▶ **YOUR INSTRUCTIONS**:
Write out again, word for word, the lines below from the line that holds "Extraordinaire miroir italien" through the line that holds "El TSJ de Cantabria", omitting pictures.

▶ **DATA SHOWN**:
====

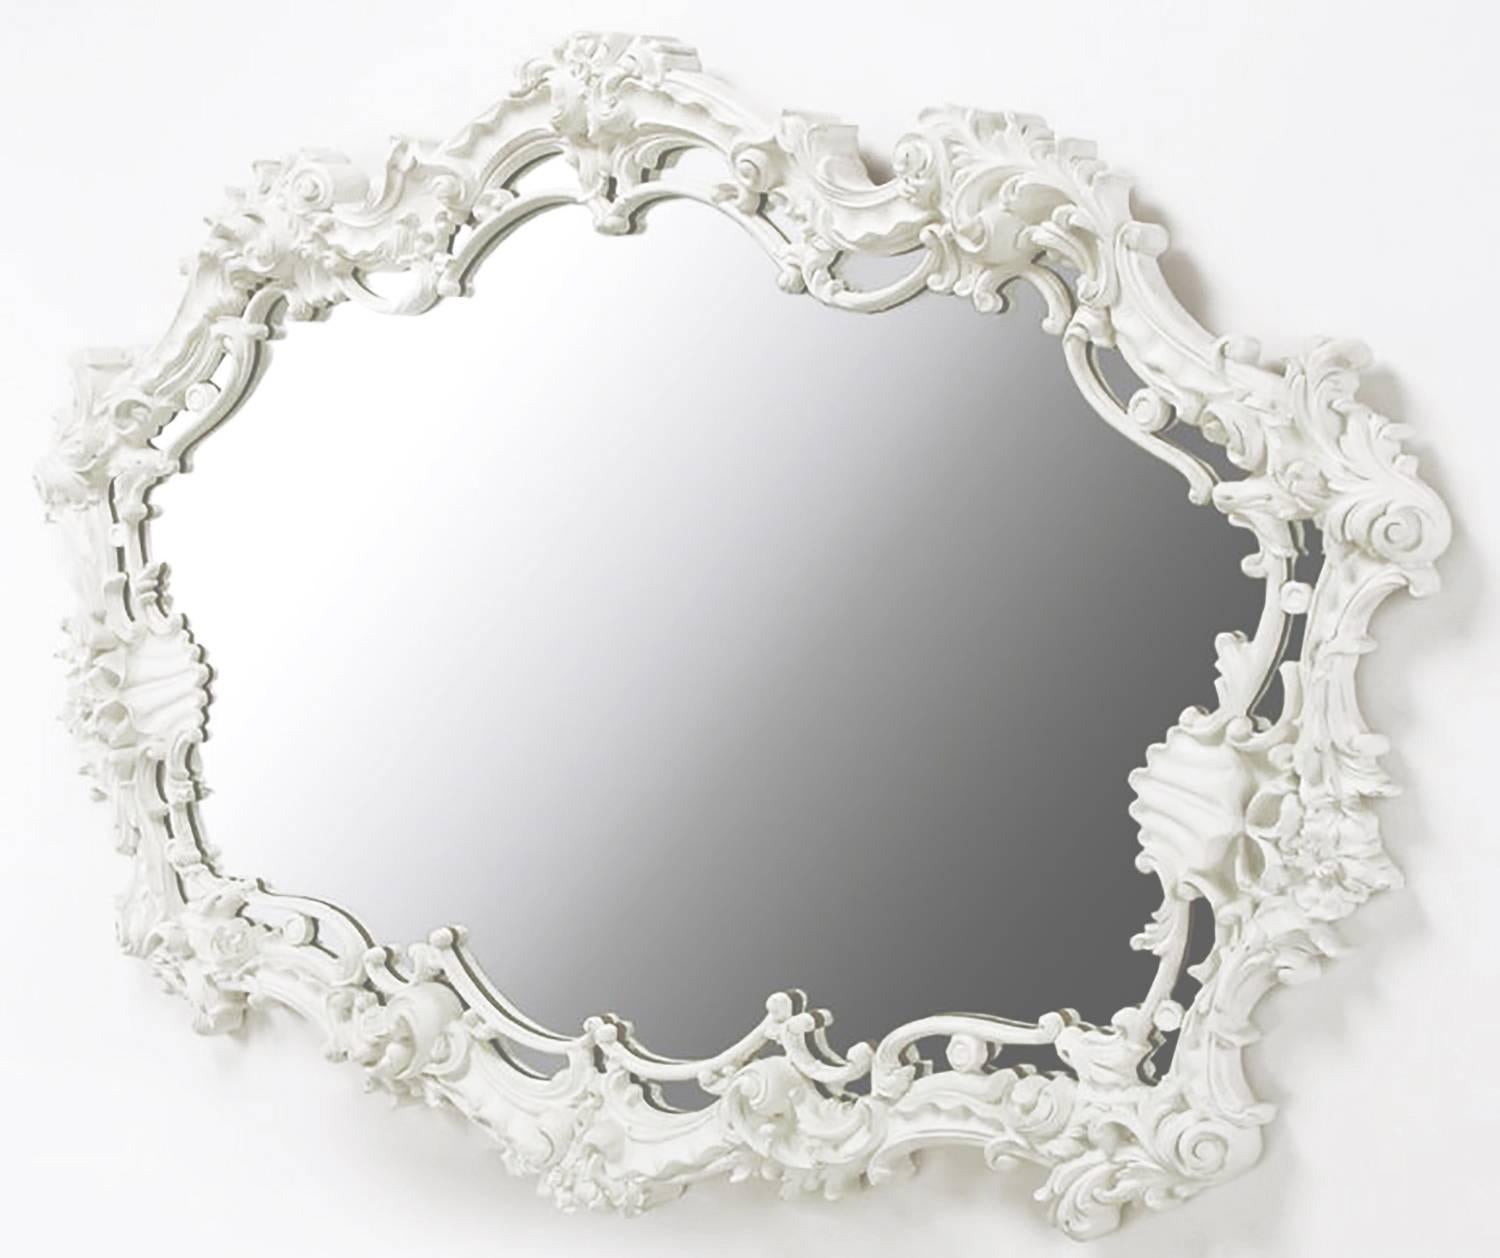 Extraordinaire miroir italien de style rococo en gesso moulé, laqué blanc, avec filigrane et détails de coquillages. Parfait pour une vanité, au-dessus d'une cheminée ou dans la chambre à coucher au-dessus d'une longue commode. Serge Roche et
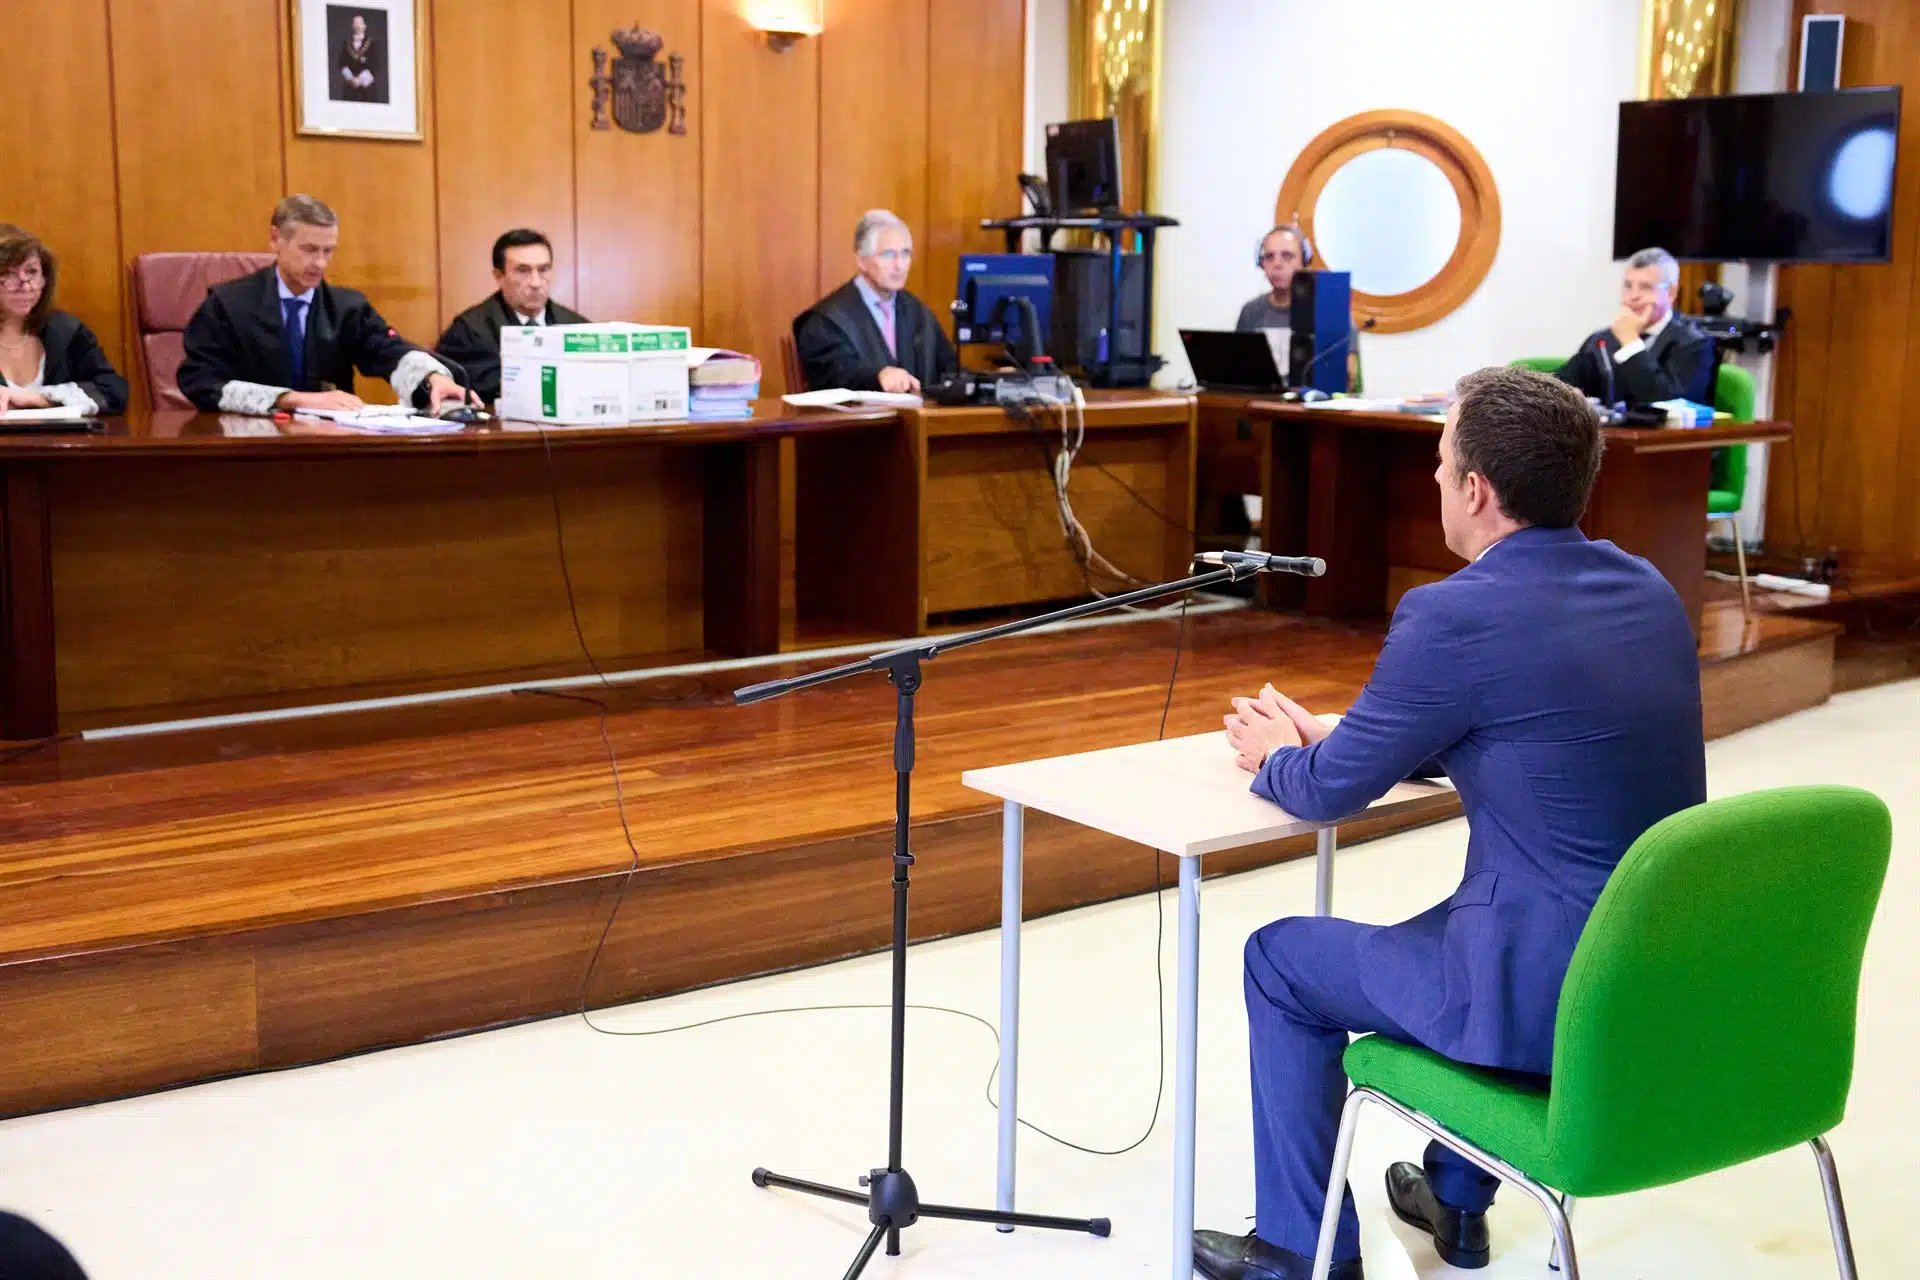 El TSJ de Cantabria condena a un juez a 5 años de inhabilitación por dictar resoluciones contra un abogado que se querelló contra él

====

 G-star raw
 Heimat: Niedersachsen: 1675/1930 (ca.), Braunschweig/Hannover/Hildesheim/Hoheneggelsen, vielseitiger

====

▶ **ANSWER FOR THE TASK**:
 Extraordinaire miroir italien de style rococo en gesso moulé, laqué blanc, avec filigrane et détails de coquillages. Parfait pour une vanité, au-dessus d'une cheminée ou dans la chambre à coucher au-dessus d'une longue commode. Serge Roche et
 El TSJ de Cantabria condena a un juez a 5 años de inhabilitación por dictar resoluciones contra un abogado que se querelló contra él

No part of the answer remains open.